# How Do I Learn to Program Drums?



## nikos_tsakas (Jun 10, 2012)

Yay! My first post! Ok, I have a question. I'm a guitar player, meaning I have NEVER touched a drum kit in my life. I wish to learn how to increase my understanding of how drumming works so I can program drums for my recordings. 

What I mean by that, is I want to learn how to think like a drummer. Right now I know the names of the drums on a kit, etc. But I don't know the logic behind making a beat work with the song. (eg. How should I use the snare/bass drum/toms? Where should a drum fill go and how do I create one?) 

Any suggestions on how to start thinking like a drummer?


----------



## Winspear (Jun 10, 2012)

I'm sure you do know - you know what sounds good, you just don't know what it_ is_.
Start studying some drums in Guitar Pro tabs for songs you know.
You'll find common things such as:
-Fills go at the end of the bar, often the end of every 4th/8th/16th bar (you'll be familiar with the fact that riffs are usually this long).
-Kicks go on the beat
-Snares go on the offbeat

These are of course generalizations. Just listen to lots of drums and read drum tabs - try and notate songs that you know. Try write drums for your own songs. It'll come together very fast


----------



## mcleanab (Jun 10, 2012)

Find a good but cheap drum machine, like an Alesis SR-16...

Read the hell out of the manual and start listening and playing...

Once you get a good ear for what sounds are making what when (there are tons of presets and fills and samples, etc.) it becomes very simple to mimic and begin creating your own...

Programming is every bit of a skill set as is playing... 

Good luck!


----------



## Ryan-ZenGtr- (Jun 10, 2012)

It's pretty easy once you've done it enough.

_*The *circituitous paths to virtual drum sounds*_
Route 1
-Be a genius drummer
-Buy an E-Kit and MIDI/USB interface

Pro's
-Most realistic sound
-Incredible tone, touch, technique and unique drum style

Con's
-Need sticks 
-Need Stuffs 



Route 2
-Programme it in MIDI



_*The way I do it*_

My approach is to layer the drum parts, starting with kick and snare, in multiple passes, then copy and paste the repeats. I do a number of passes through the MIDI comparing the audio and make subtle changes to the distribution of cymbals, kicks, snares etc. to add variety and dynamics.

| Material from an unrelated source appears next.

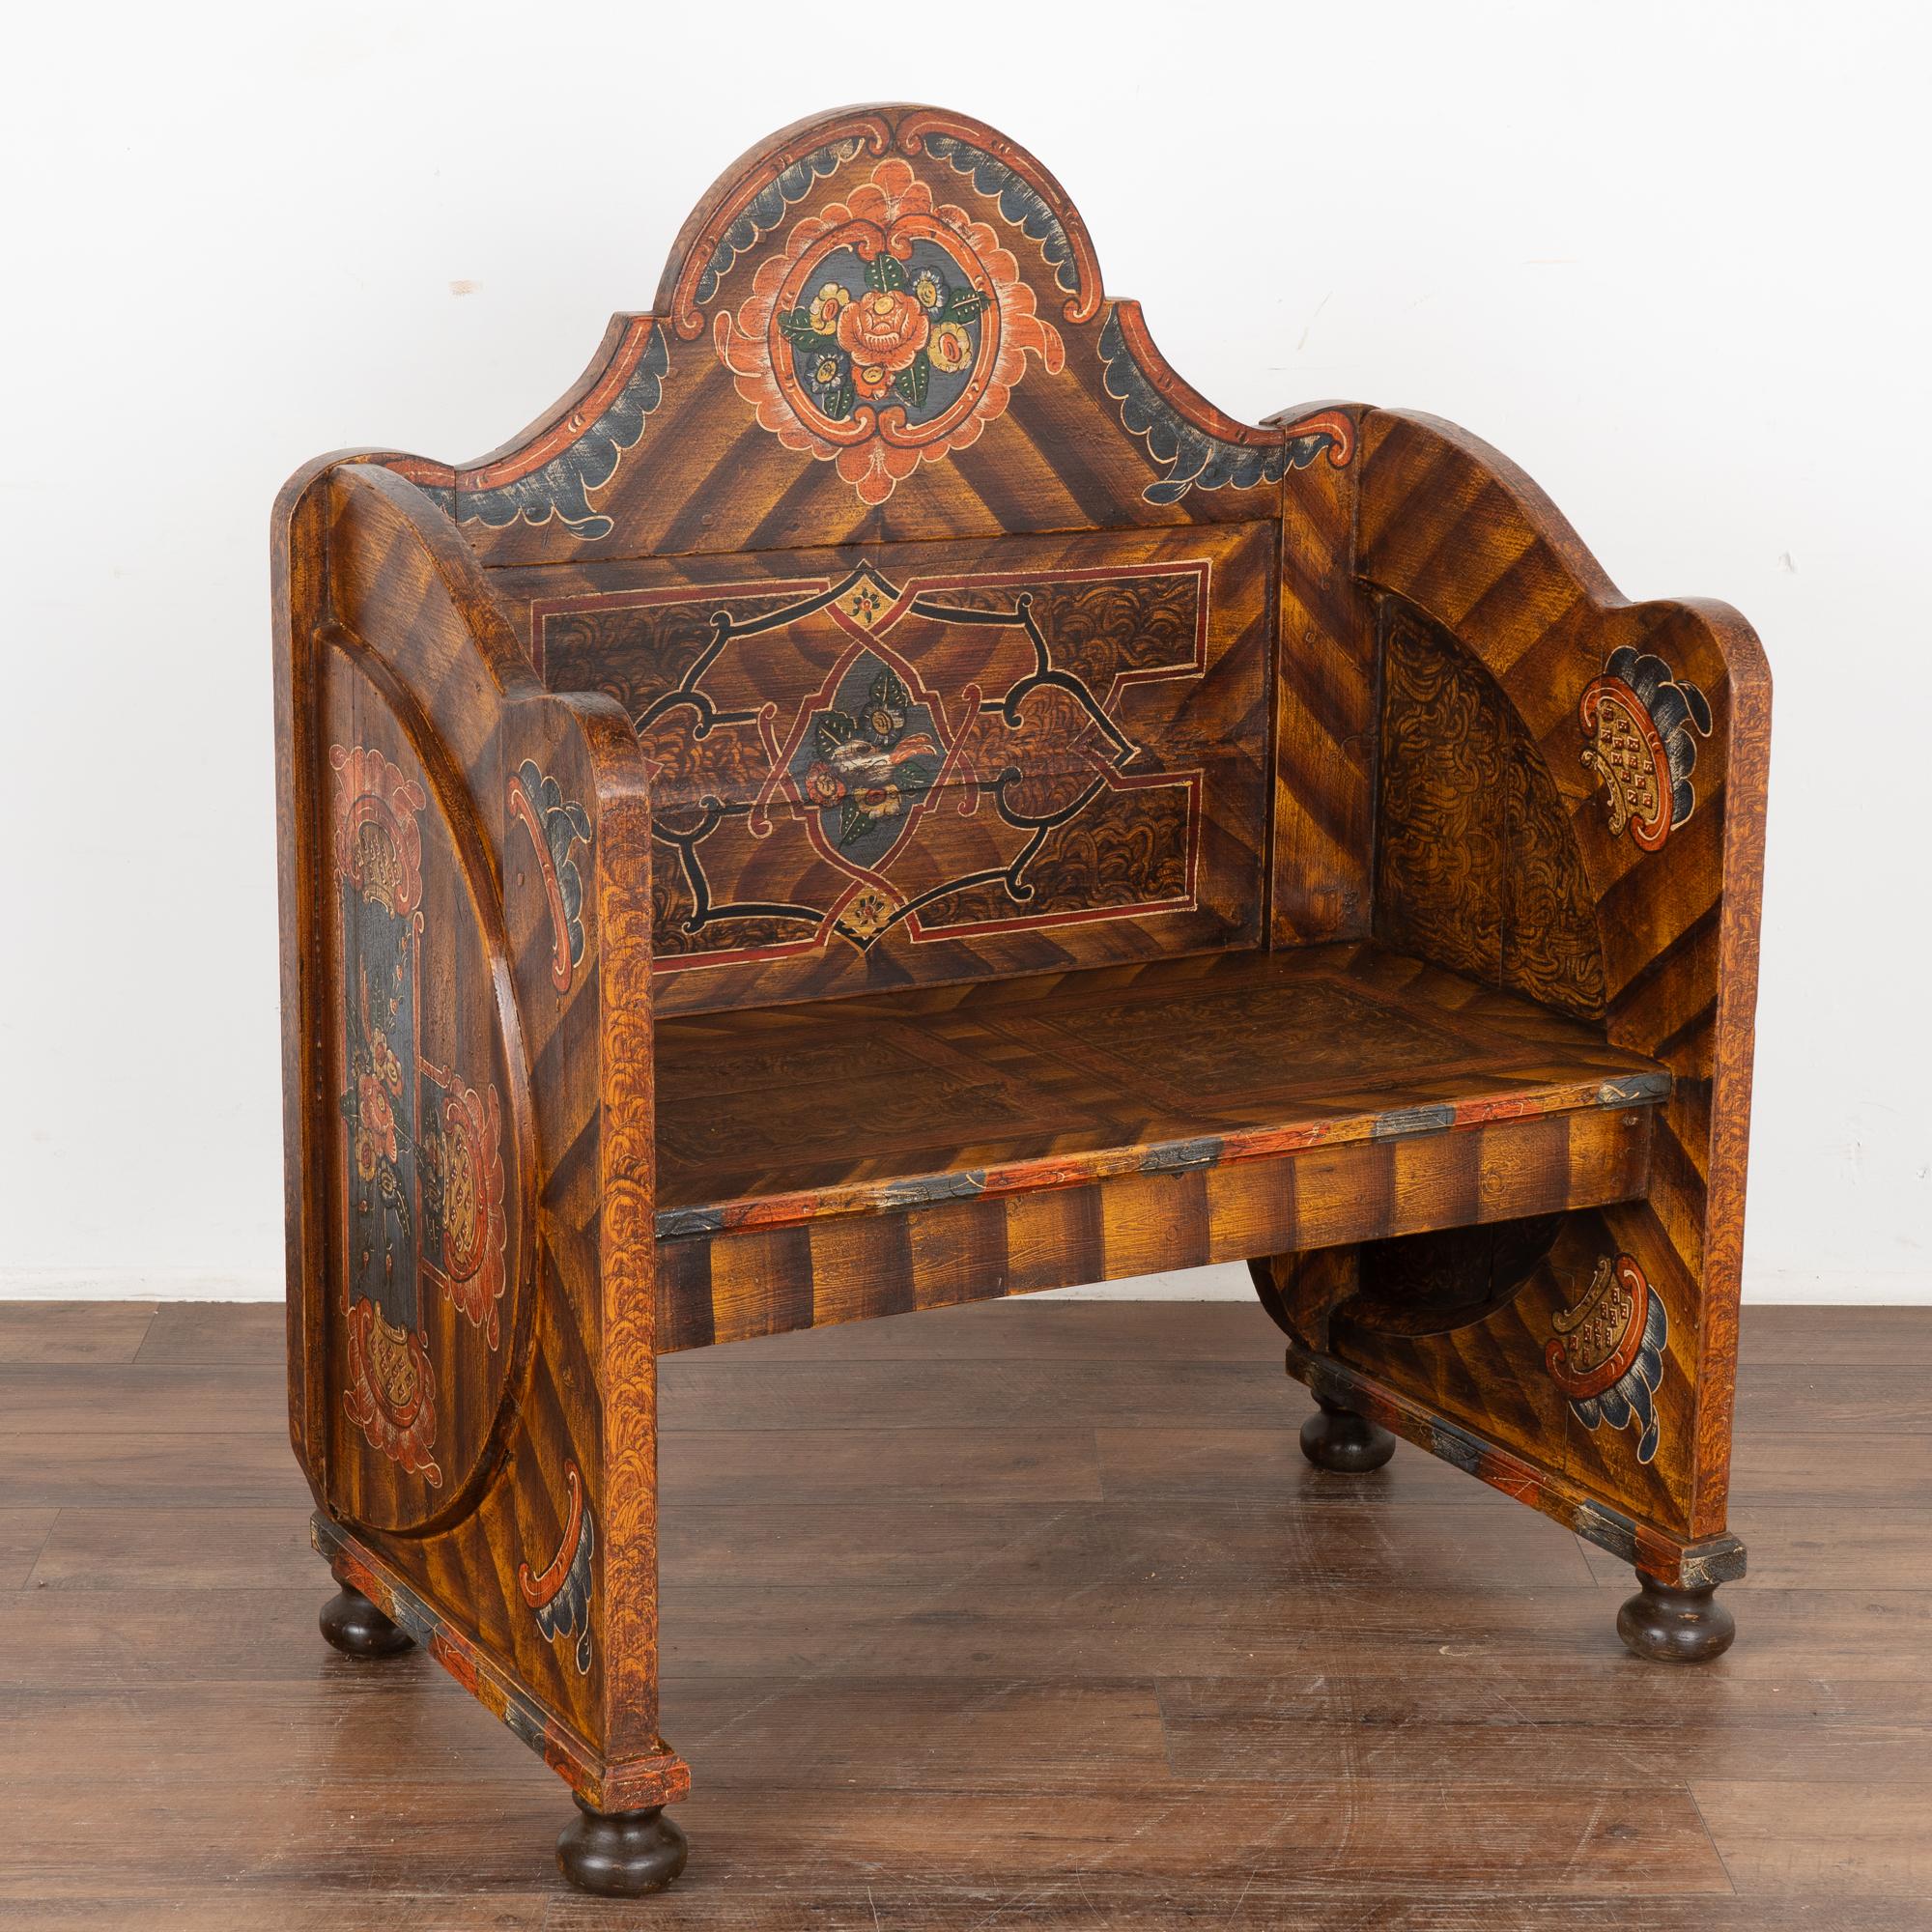 This delightful high back bench is a rare find due to it's unique small size and elaborate original hand-painted finish.
Please enlarge photos to appreciate the many details of the painted finish, with traditional faux wood background, orange/red,

Then I add fills, either preprogrammed MIDI from my drum software or programme a custom fill.

Once all that's done I do a velocity layer, adjusting the velocity of every hit so that the MIDI performance has the same natural ebb and flow of the pulse as a real drummer. This works well with compression later.

Once it is done, takes a few hours or a similar time to setting up and micing a real kit, I render out each virtual mic and sub mix them to various busses, depending on desired sound. Perhap busses for kick, snare, overheads and room, or submix all of them then just a single master buss for drums.

At this time I often render different drum samples for reinforcement and blend them with the original kit, or replace them, or use the MIDI itself with a seperate sampler to playback additional kit pieces from my sample libraries, then blend with main kit sound.

Most people listen to music on shit systems so you can get away with massive bass from kick drums, although it is important to reference your track with monitors and a subwoofer to see how they react as you add additional kick drum reinforcement.

_*To use preset grooves or hand made*_

Most drum samples come with a multitude of preset grooves. These can provide a good basis for further editing and development, especially as the preset velocities (or volumes in drummer language) and cymbal or hat useage will be "human".

A common error with programming is to create inhuman passages, much like an octopus playing drums. 








The trick is to "air drum" the parts to check for human playability.






Mixing them properly is another topic for another day! Let's keep it simple and say listen carefully to check for balance and make sure nothing is overpowering the rest of the kit pieces. 

*To learn drum techniques*

Listen to real drummers which you admire and transcribe their playing into midi. I've been transcribing some drummers I work with and it's amazing to learn about their styles through transcribing their creations, in a more modern way than notation or drum tab.

The most important single thing you can do with MIDI (since 1983... ) editing is to buy the best gaming mouse and pad you can afford, variable DPI (Dots Per Inch = sensitivity) buttons are amazing. With a good mouse, clicking thousands of tiny worthless dots which add up to insane percussion takes a lot less effort!

* spell check... Americanese ::*



> *nikos_tsakas*
> _Any suggestions on how to start thinking like a drummer?
> _



I think most of us around here will agree, that's a little too much commitment for simply programming a drum beat.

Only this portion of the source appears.